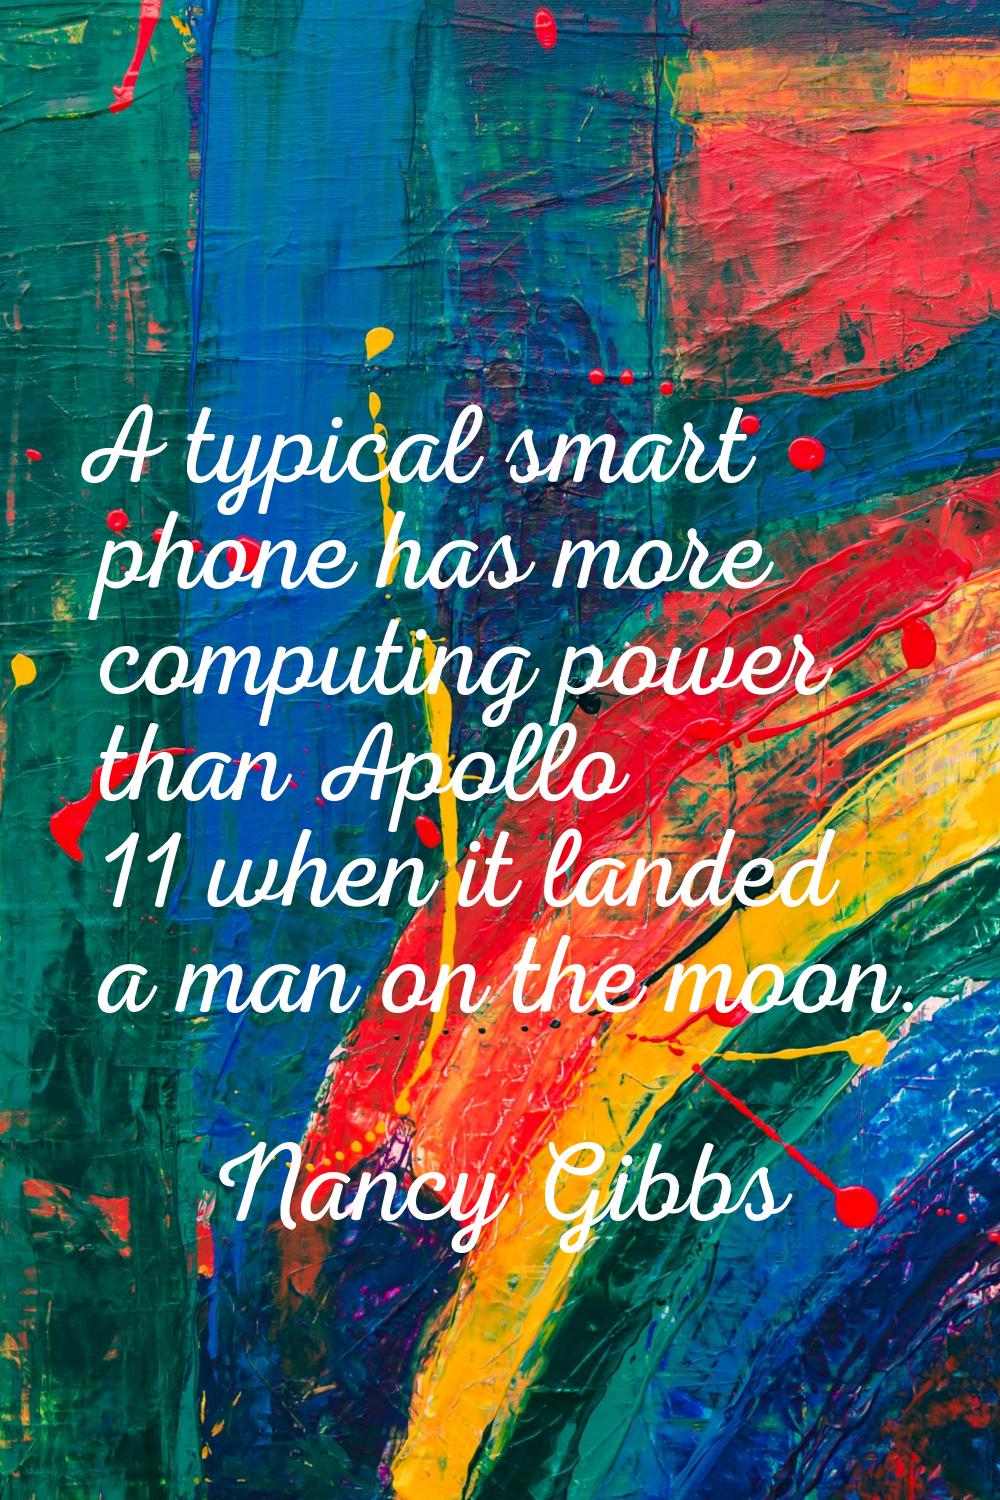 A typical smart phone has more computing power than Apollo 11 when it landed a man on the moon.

--

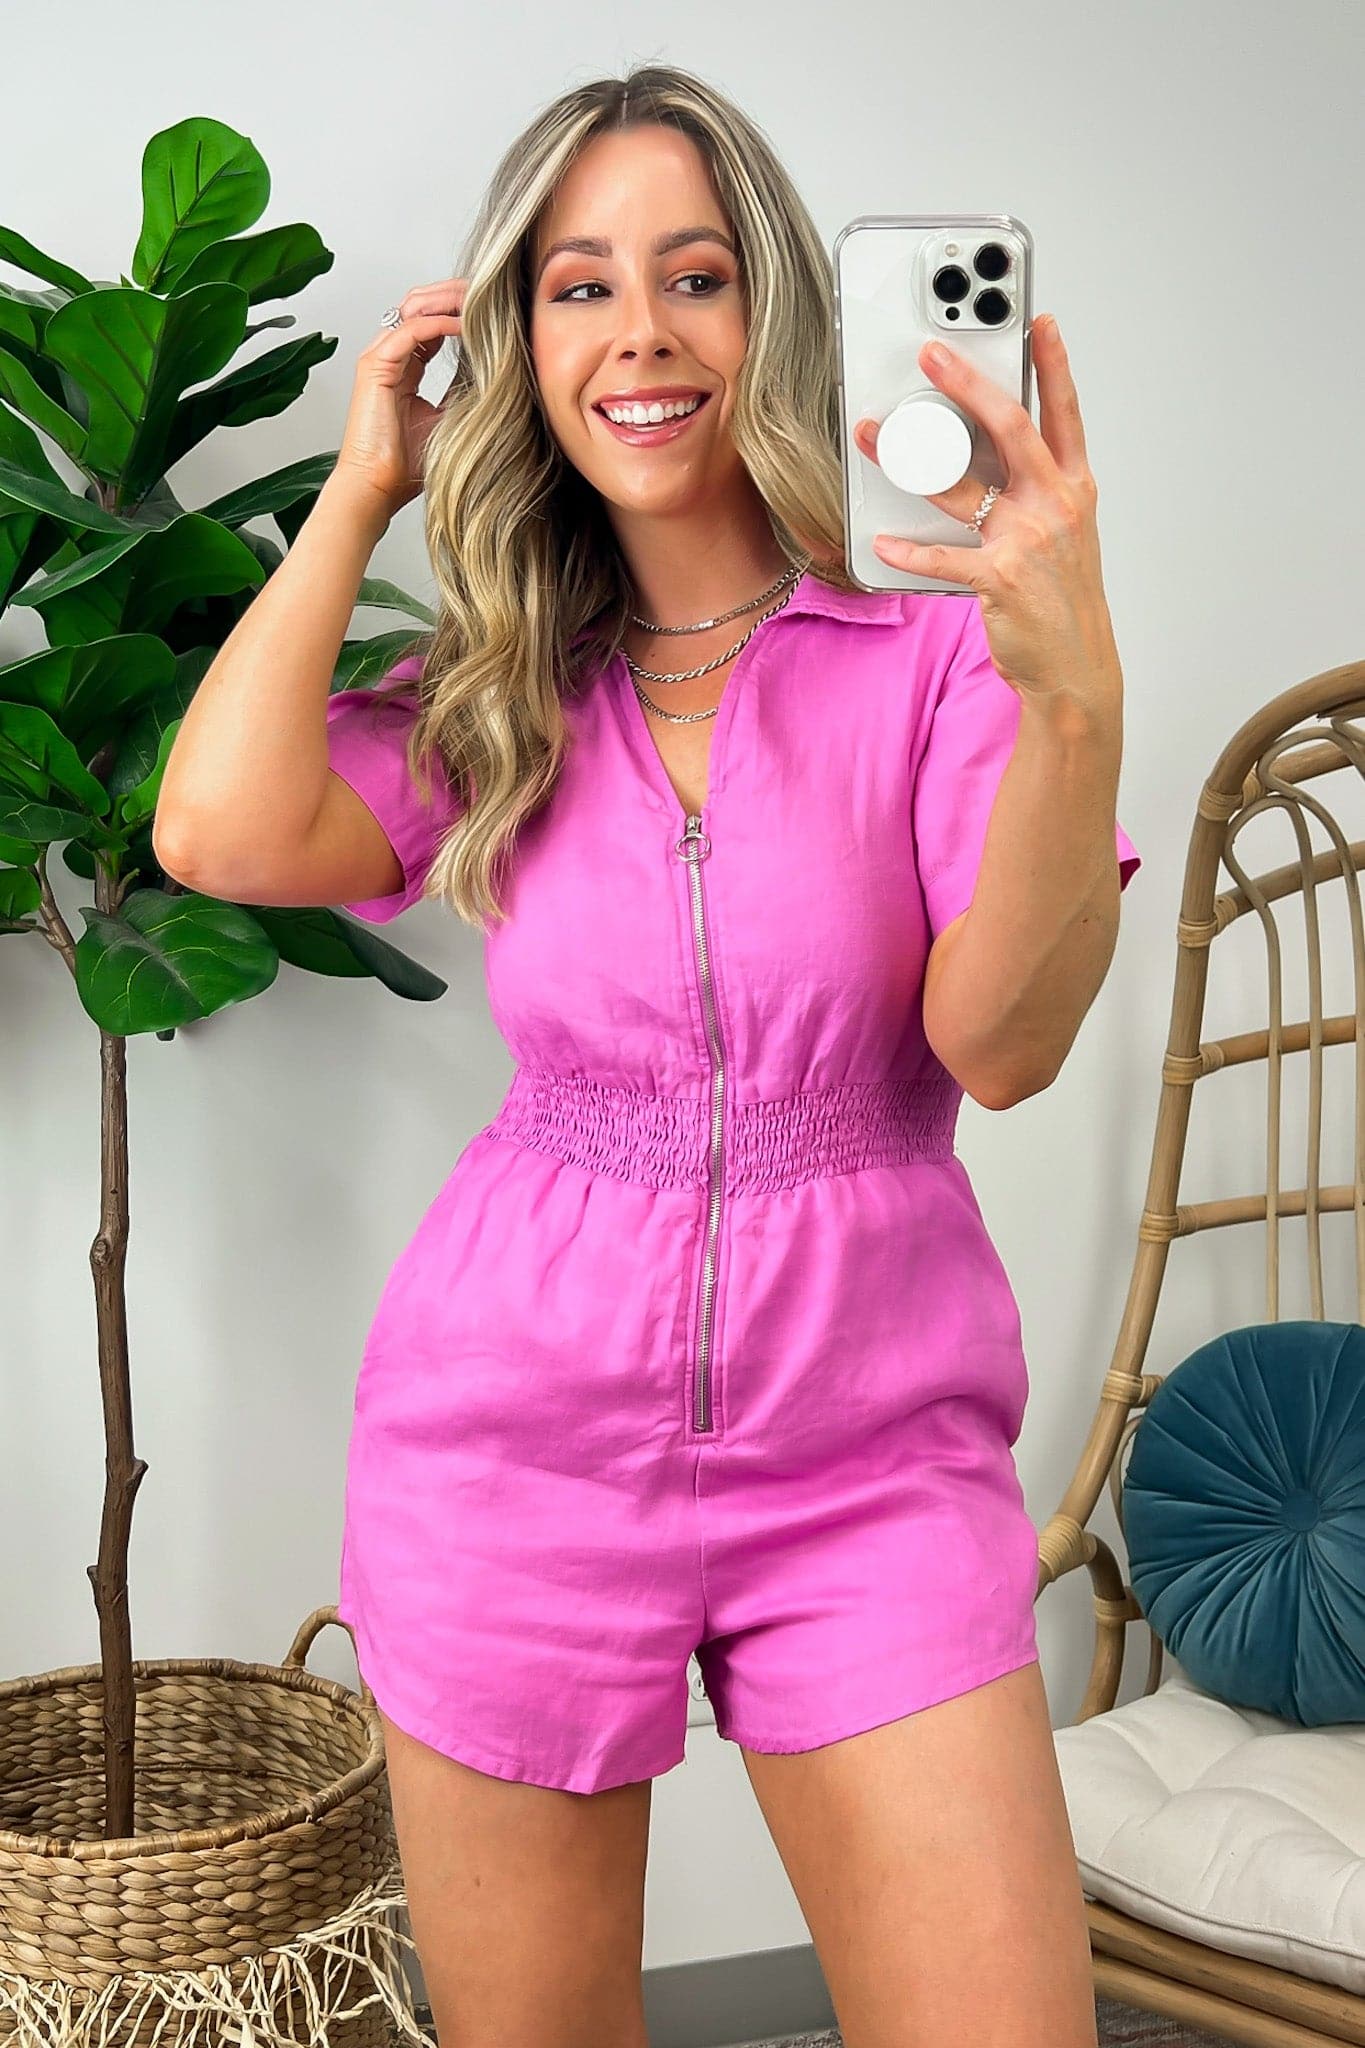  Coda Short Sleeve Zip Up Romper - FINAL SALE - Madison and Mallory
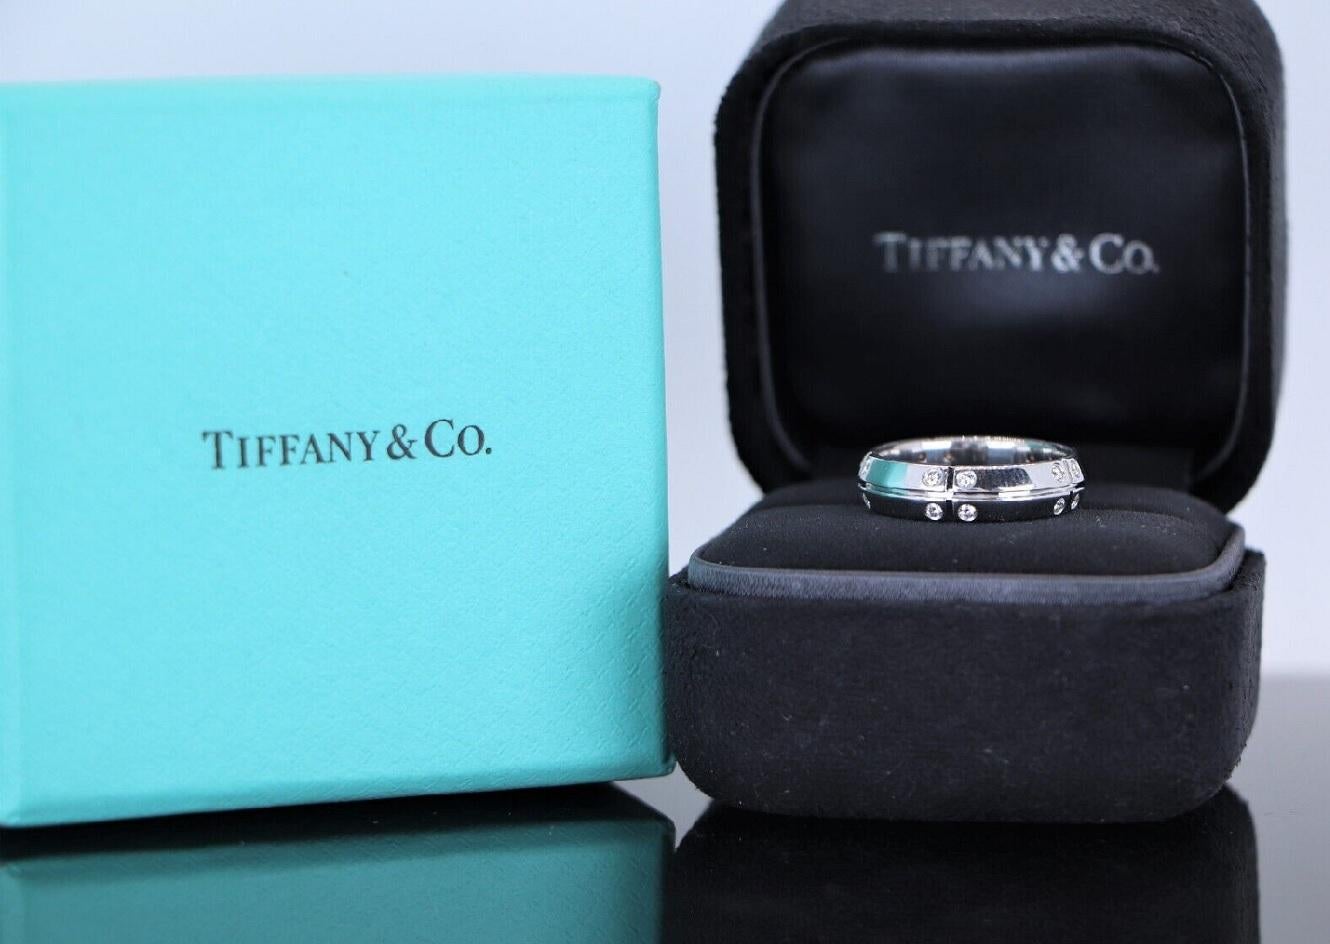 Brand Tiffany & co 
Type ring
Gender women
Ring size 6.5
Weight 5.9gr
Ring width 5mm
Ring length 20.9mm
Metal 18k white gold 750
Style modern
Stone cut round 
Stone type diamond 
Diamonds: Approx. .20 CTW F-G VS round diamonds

WHAT IS NEEDED.
Where a line of the records has the string "round", copy that line.

EXPECTED OUTPUT.
Stone cut round 
Diamonds: Approx. .20 CTW F-G VS round diamonds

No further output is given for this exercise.